Subject: Re: SE Linux vs SE NetBSD !!
To: John Nemeth <jnemeth@victoria.tc.ca>
From: Travis H. <solinym@gmail.com>
List: tech-security
Date: 08/30/2006 16:45:22
On 8/29/06, John Nemeth <jnemeth@victoria.tc.ca> wrote:
> } For example, we know in advance that sendmail will write to mail
> } spool files in /var/spool/mail.  And that it binds to TCP port 25.
>      We do?  Glad you know that.  As a point of fact, sendmail will do
> no such thing.  It will call an LDA (Local Delivery Agent) to do this.

Actually I knew that, having found a vuln (race condition) in NetBSD's
mail.local and having posted about it in bugtraq back in the early
90s.  It wasn't terribly relevant to the explanation, but you get a
star for dropping some mad sendmail science on my apparently
ignorant self.  Wear it with pride. -> *

>      However, that doesn't mean they don't need protection.  It is well
> known that many attacks come from inside the firewall.

I have heard the "insider threat" argument a lot, and it appears that
various vendors attempting to sell products will bandy some statistic
or another about this.  If my NIDS showed someone rooting my servers,
they'd have a chat with me and my LART (luser attitude readjustment
tool).

You're right, it doesn't mean they don't need protection, which is why I said
"as much attention" instead of "no attention".

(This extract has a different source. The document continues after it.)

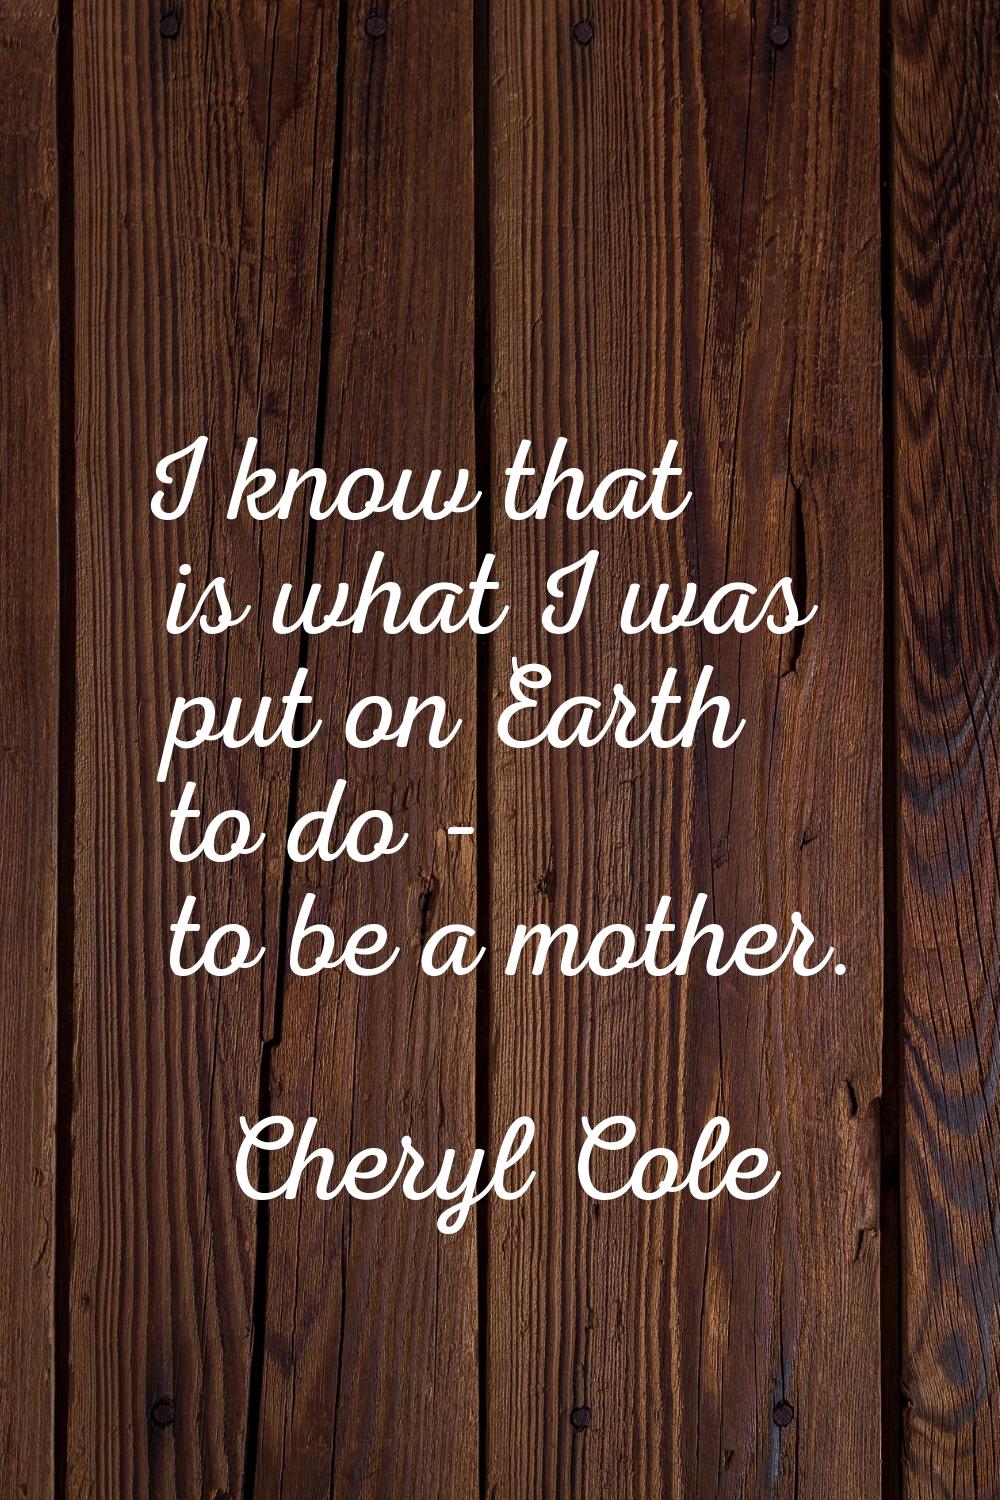 I know that is what I was put on Earth to do - to be a mother.

There's lots of cases where the perimeter is breached.  A big one is
road warrior
salespeople who bring worms in on their laptops, and Windows users who
execute malware.

> Of course, for
> real security, you shouldn't be using plain NFS.  Also, we don't know
> when somebody might breach the firewall or the firewall administrator
> might make a mistake.  Defense in depth and all that.

All true.

What options exist apart from NFS and SMB?  I think there was one
called coda, and AFS, and Linux has sshfs (requires a kernel module on
the client)... anything else?

I'd really like to see a filesystem that exports all the attributes of
the fs it is
exporting.  Right now all my files from the NFS server are typed nfs_t, not
what they are typed as they appear on the file server.  I suppose NFS doesn't
support either the lsattr kind of attributes, nor the SELinux kind.
-- 
"If you're not part of the solution, you're part of the precipitate."